Maroc

Industries : Les patrons ont le moral en berne

Un climat des affaires difficile, des délais de paiement en rallongement et des coûts de production de plus en plus important ont fini de démoraliser les industriels marocains. C’est ce qui ressort de la dernière note de conjoncture de BAM.

Alors que 2016 démarre sur une campagne agricole difficile, annonciatrice de grandes difficultés pour l’économie marocaine, la dernière note de conjoncture de Bank Al-Maghrib vient démontrer que les premiers signes de faiblesse ont commencé à se ressentir dès fin 2015. Portant sur le 4e trimestre de l’année, le dernier rapport de la banque centrale, les industriels affichent un moral plutôt morose. D’abord, en raison d’un climat des affaires jugé «défavorable» dans l’ensemble des branches de l’activité industrielle à l’exception de l’«agroalimentaire», où il est considéré comme «normal».


Ensuite, les industriels dénoncent des conditions de production caractérisées globalement par un approvisionnement «difficile», un niveau de stock de matières premières et demi-produits «inférieur à la normale», et une stagnation des effectifs employés selon la majorité des industriels. En outre, les coûts unitaires de production auraient continué à augmenter d’un trimestre à l’autre, à l’exception des industries «mécaniques et métallurgiques», où ils seraient en baisse, en liaison avec le repli des coûts des matières premières hors énergie au niveau de cette branche.
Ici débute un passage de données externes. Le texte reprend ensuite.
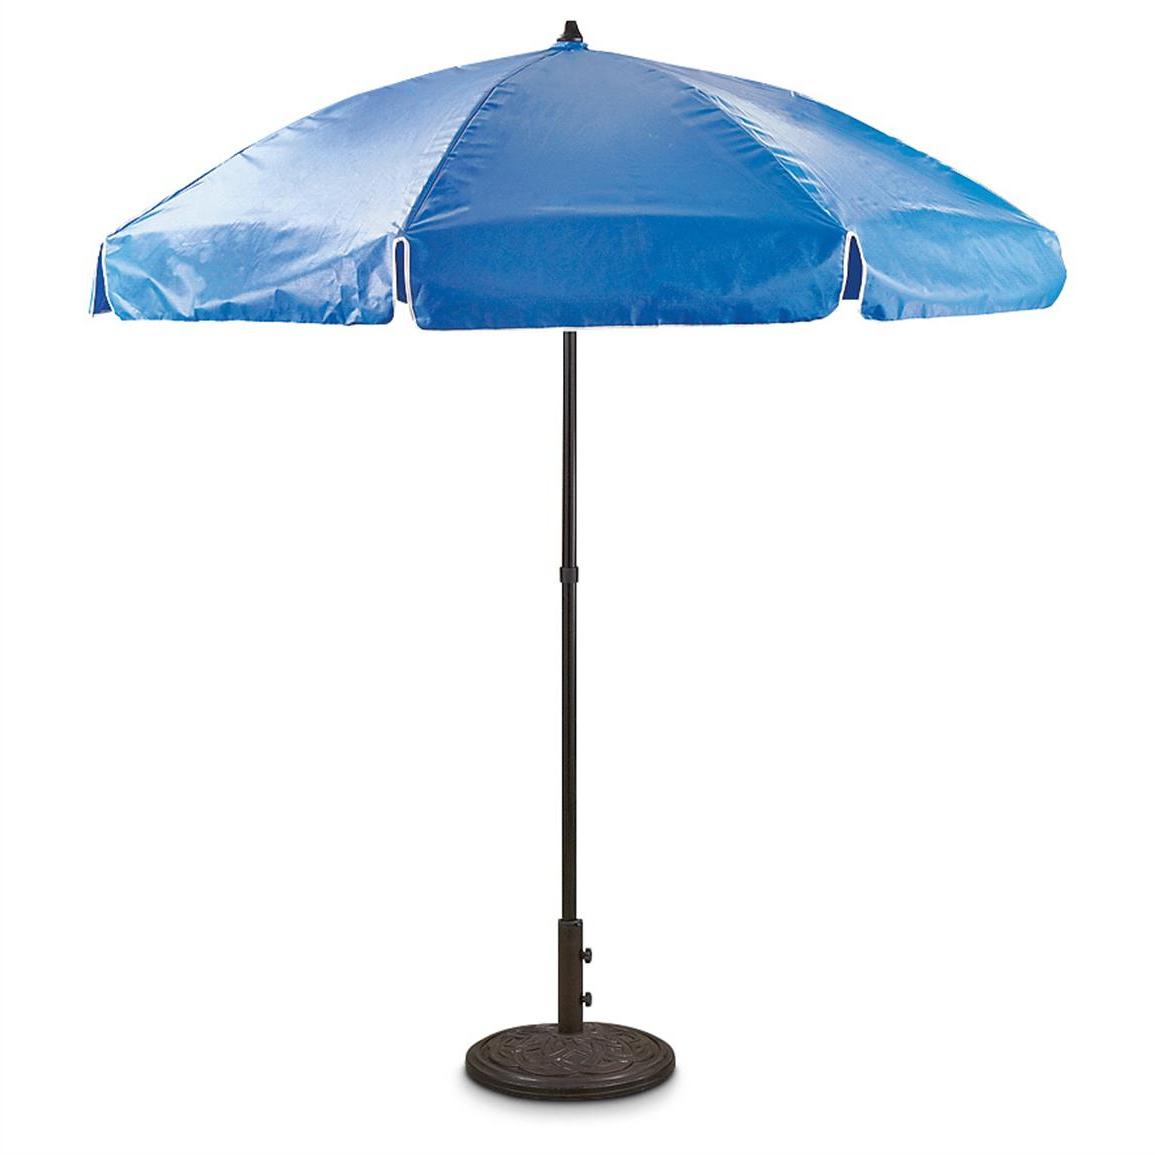 "2019 7'6"" Drape Vinyl Patio Umbrella – 635354, Patio Umbrellas At With Regard To Drape Umbrellas (View 2 of 20)"

À cela il faudrait ajouter une insuffisance de la demande et une accentuation de la concurrence qui constituent les principaux freins à l’augmentation de la production des entreprises. Au niveau de la «chimie et para-chimie», les difficultés de financement auraient été citées parmi les principaux freins au développement de la production. La question de la trésorerie continue de préoccuper.

Dans l’ensemble des branches de l’activité, celle-ci est jugée «difficile». La réduction des délais accordés par les fournisseurs, l’accentuation des difficultés de recouvrement et l’augmentation des charges non financières finissent de vider les caisses des entreprises. L’accès au financement bancaire semble s’améliorer. Il est jugé «normal» par 84% des entreprises et «difficile», selon 14%, contre 70% et 27% respectivement le trimestre précédent. Quant au coût de crédit, il aurait été en stagnation, selon 76% des industriels et en hausse, selon 14%.